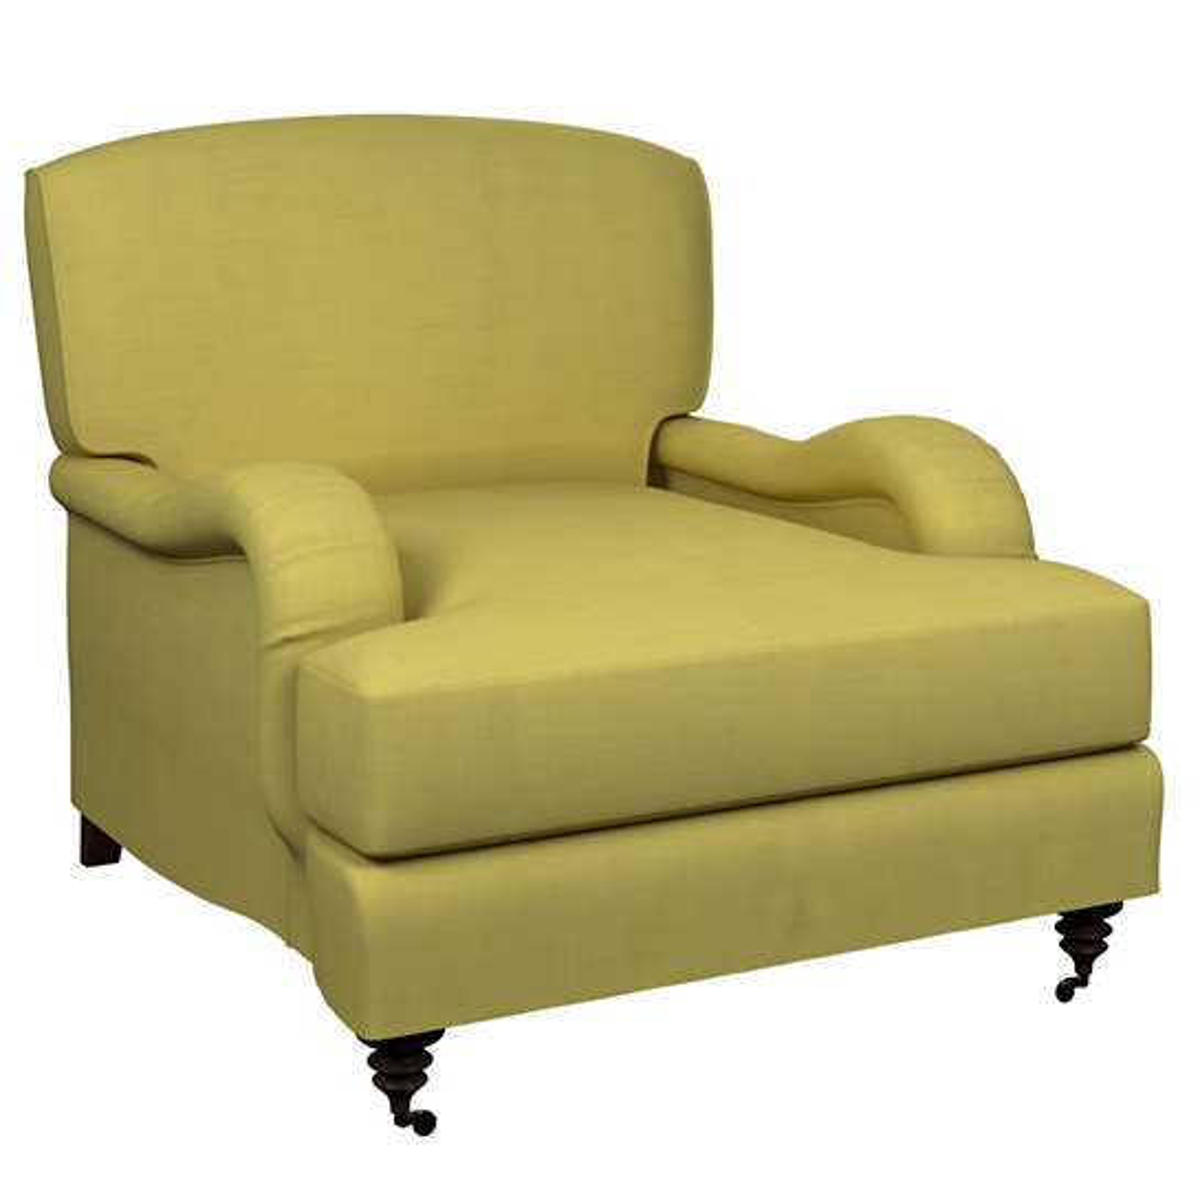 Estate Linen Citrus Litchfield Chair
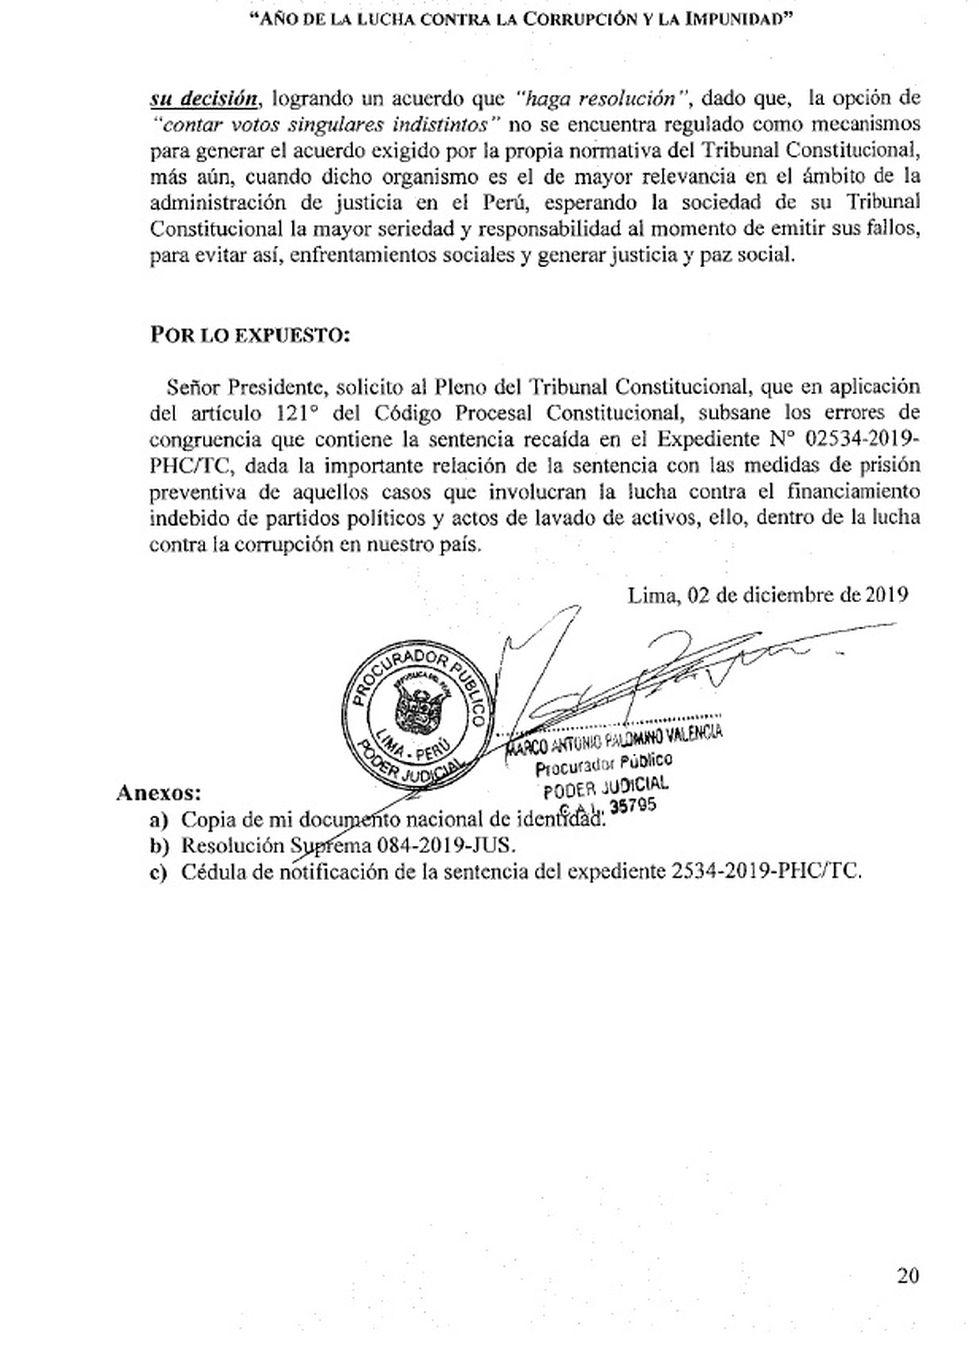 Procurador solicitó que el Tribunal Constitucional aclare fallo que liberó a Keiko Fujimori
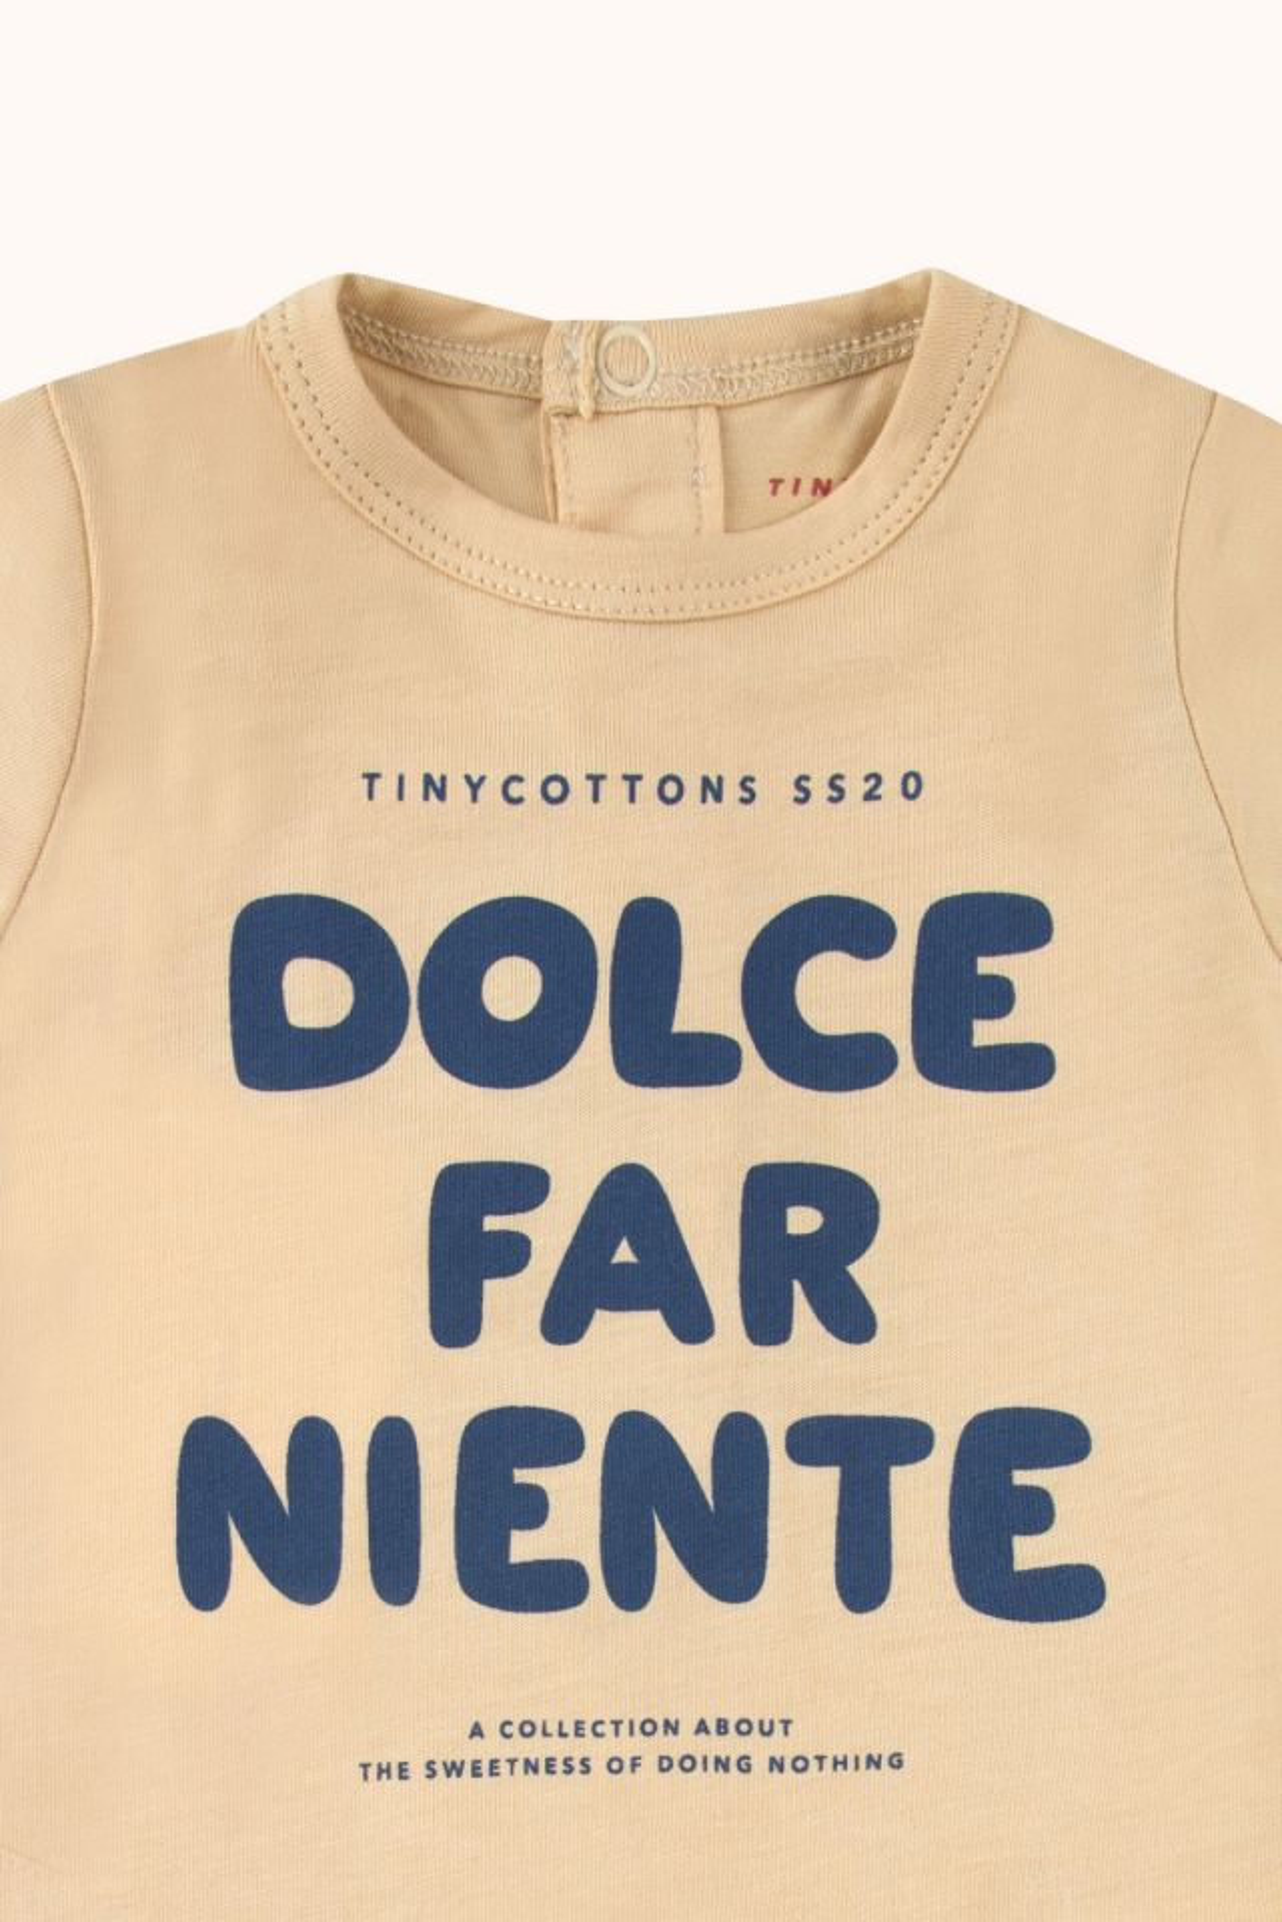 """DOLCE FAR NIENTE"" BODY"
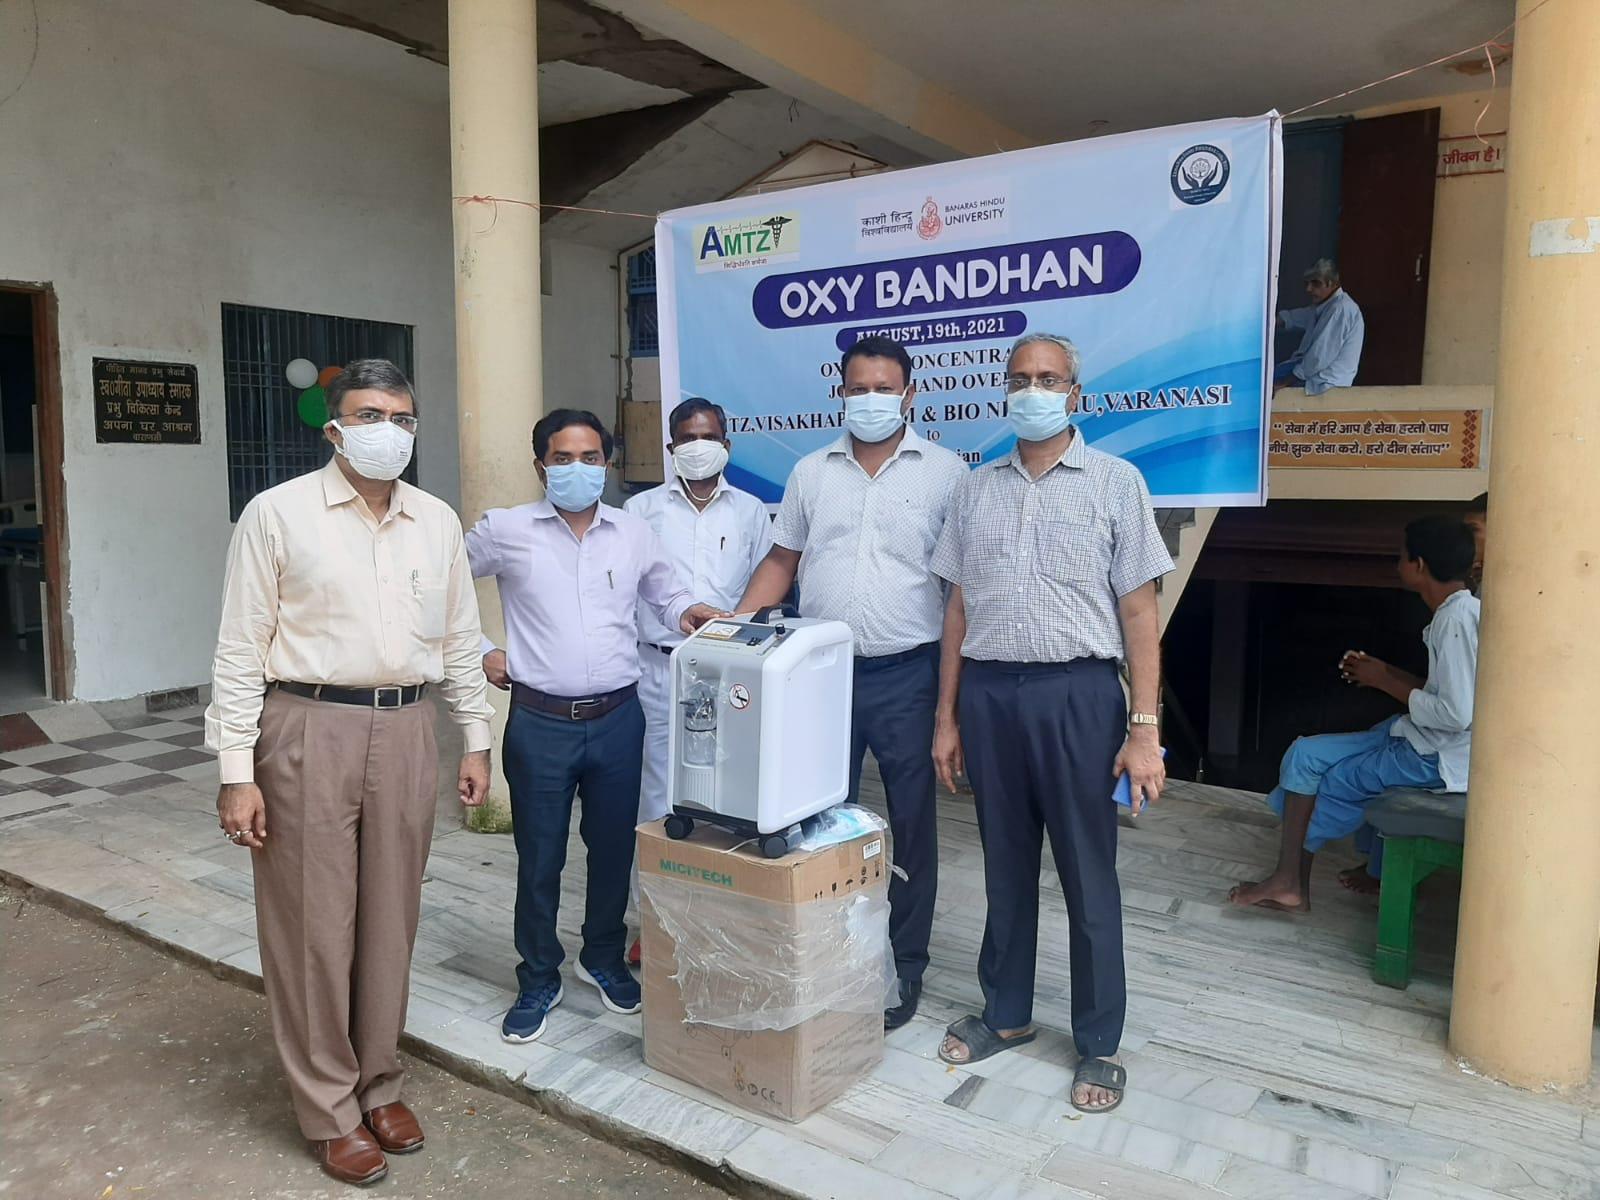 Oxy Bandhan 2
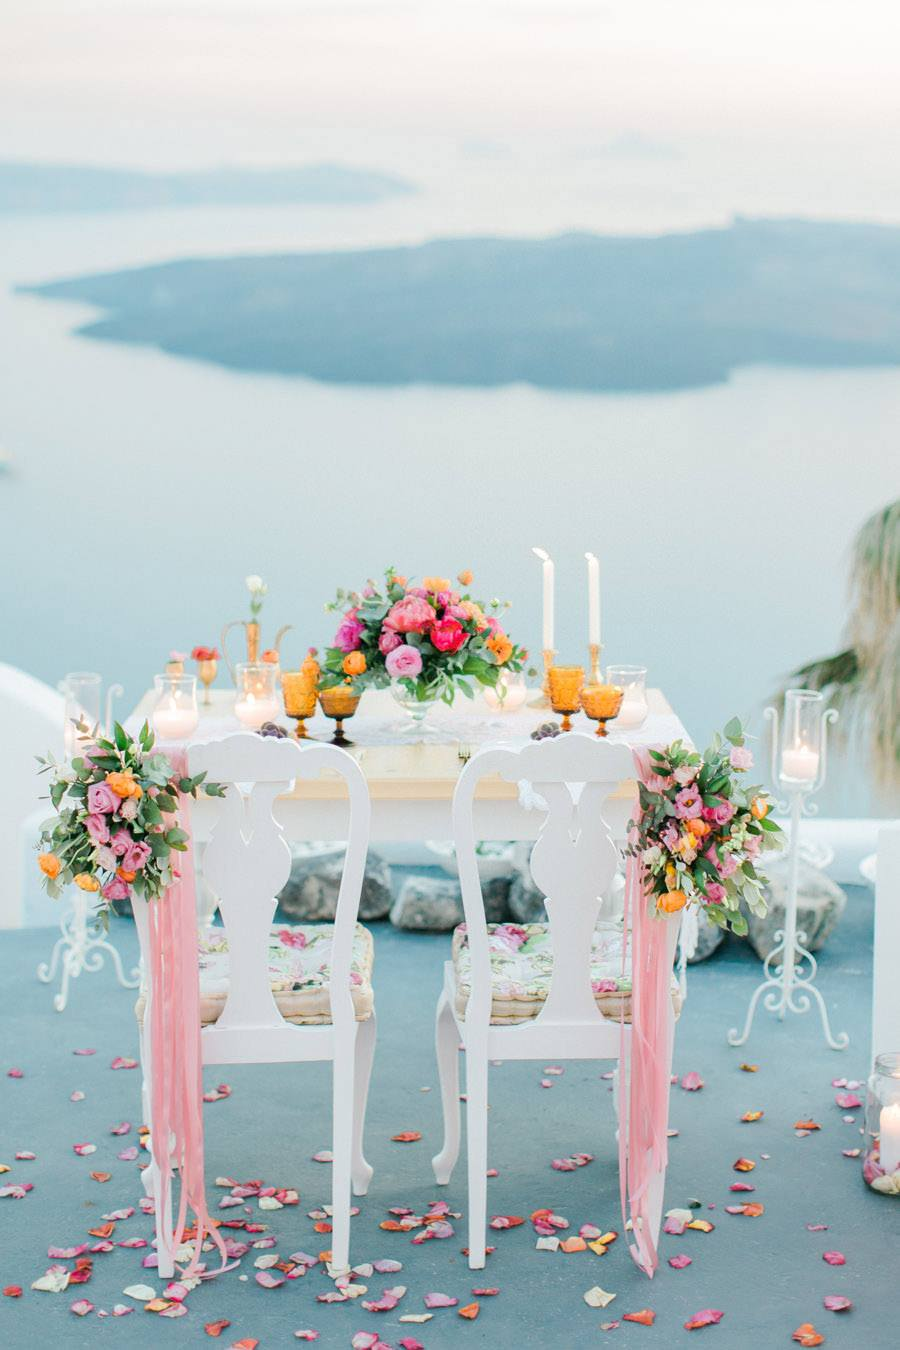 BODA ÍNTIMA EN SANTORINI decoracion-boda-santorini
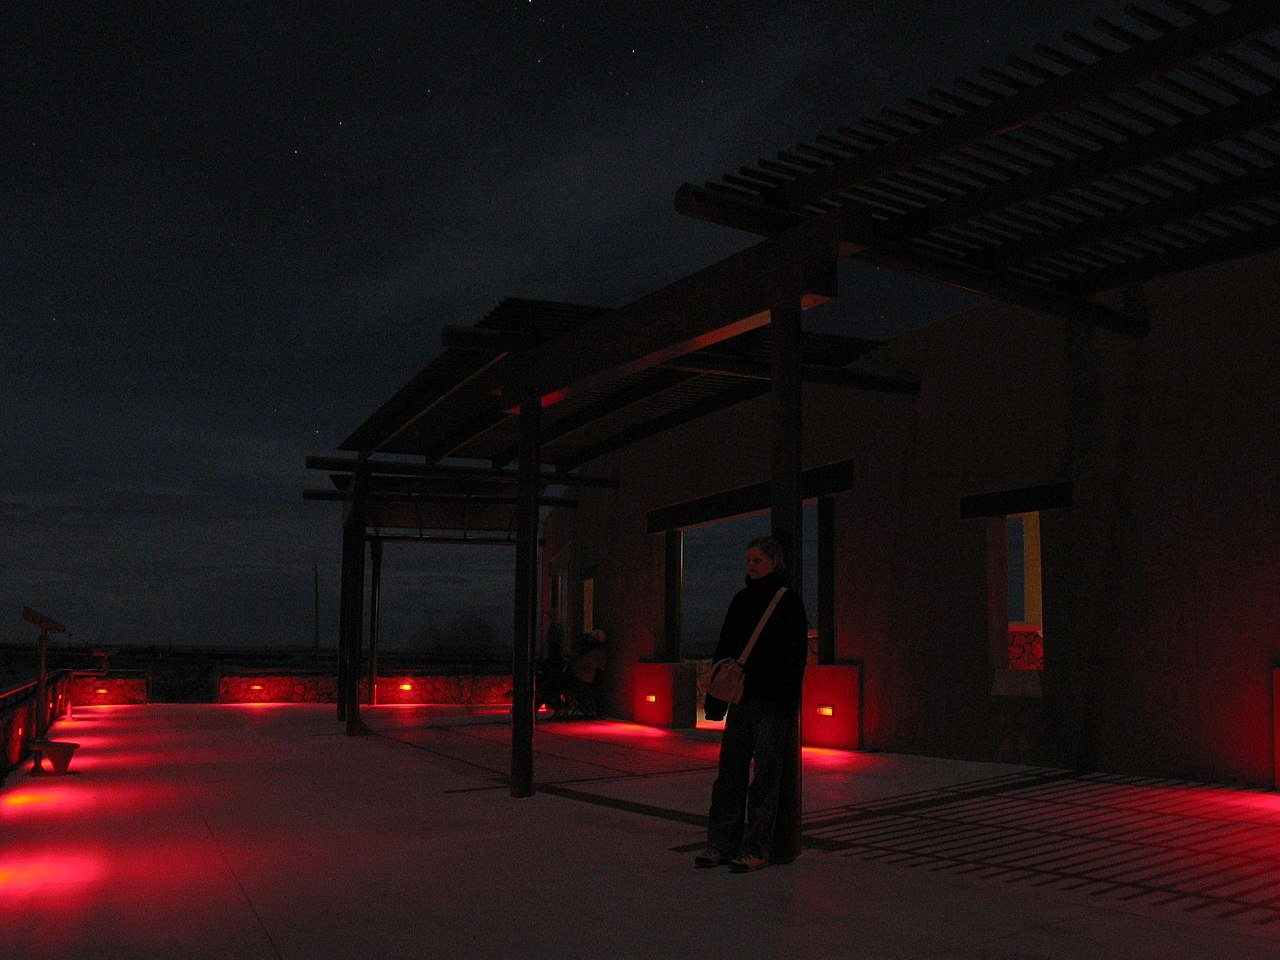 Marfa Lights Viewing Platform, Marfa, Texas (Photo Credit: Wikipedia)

*WHAT YOU ARE ASKED TO DO*.
Transcribe, word for word, the line holding "Procurador solicitó que" and all lines after it in the entries above, ending with the last. Only those lines; no pictures.

*OUTPUT*.
 Procurador solicitó que el Tribunal Constitucional aclare fallo que liberó a Keiko Fujimori
 """DOLCE FAR NIENTE"" BODY"
 Oxy Bandhan 2
 BODA ÍNTIMA EN SANTORINI decoracion-boda-santorini
 Marfa Lights Viewing Platform, Marfa, Texas (Photo Credit: Wikipedia)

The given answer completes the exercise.